In its 54 Articles, this landmark agreement enshrines the rights of every human being under the age of 18 years of age – with education and wellbeing as central tenets of the declaration. While the international community continues to tackle the COVID-19 pandemic, Henrietta H. Fore, UNICEF’S Executive Director, talks with Kenny Kemp about her organisation’s challenges and successes—and her long-standing admiration for the work of Adam Smith.
More than a billion young people around the world are out of school because of the COVID-19 pandemic. This most shocking of statistics has galvanised Henrietta H. Fore and her team at the UNICEF as the global relief organisation reaches a significant landmark.
Ms Fore, a leading American business woman and former CEO of her family’s investment company, Holsman International, switched career and went to work at the highest level of the US Government in Washington. She was appointed to her United Nations position by UN Secretary-General António Guterres in December 2017.

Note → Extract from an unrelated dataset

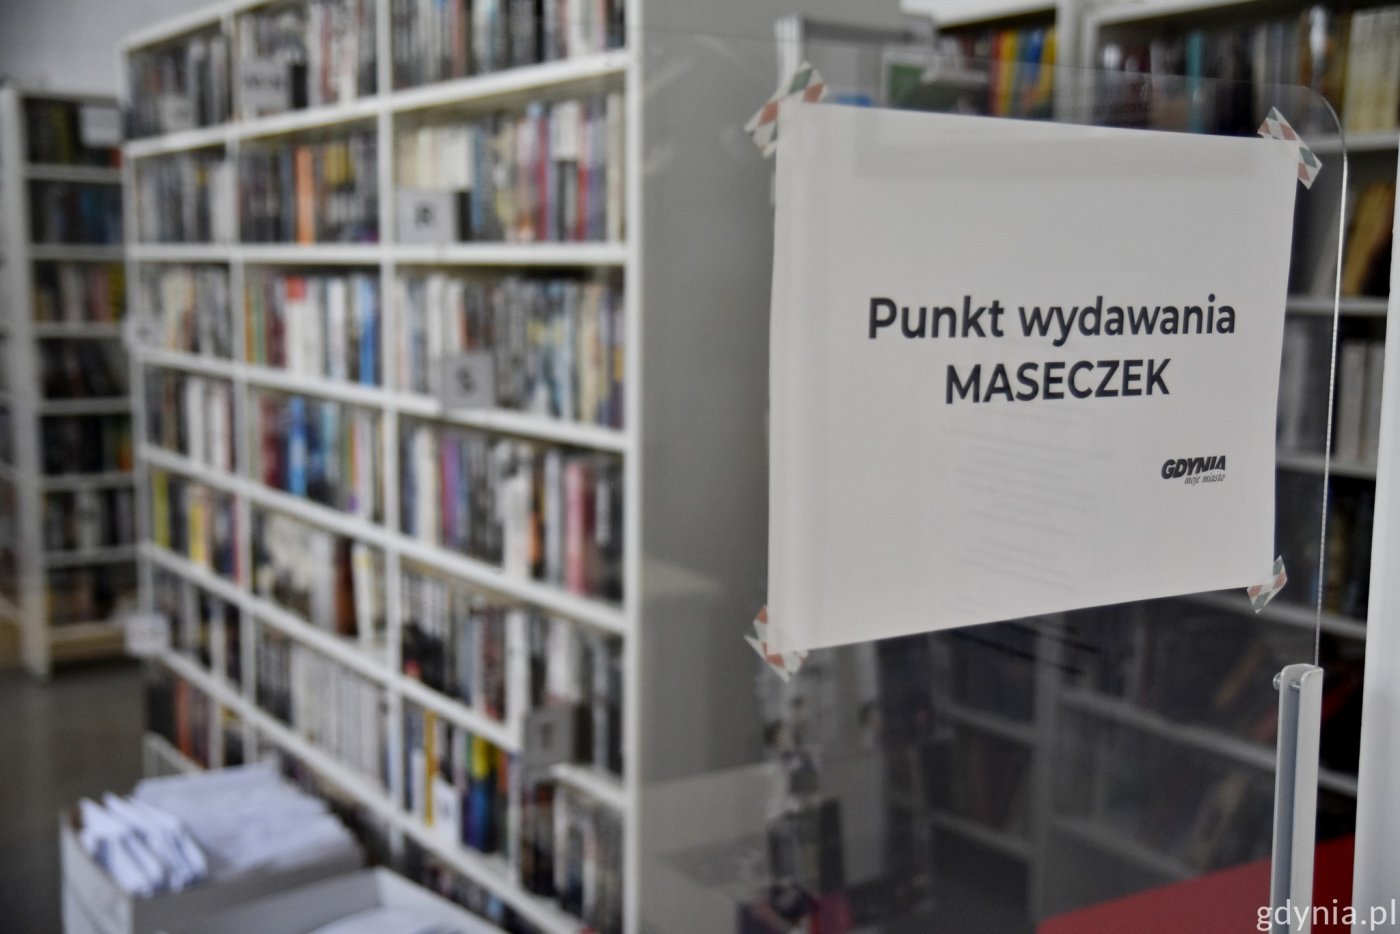 Maseczki w bibliotekach dostępne do wyczerpania zapasów // fot. Paweł Kukla

Speaking in an exclusive video interview with Panmure House’s Global Gateway, Ms Fore, the former Administrator of the US Agency for International Development, and Director of United States Foreign Assistance, who was responsible for managing a mammoth $39.5 billion aid budget, said: “Child rights are important right now and must be in the spotlight. With the global pandemic, we worry that there is a sense that children are not the ones most affected when many older people have been victims. Yet, in reality, around the globe, they are being very affected. The most important concern is they are not going to school.’’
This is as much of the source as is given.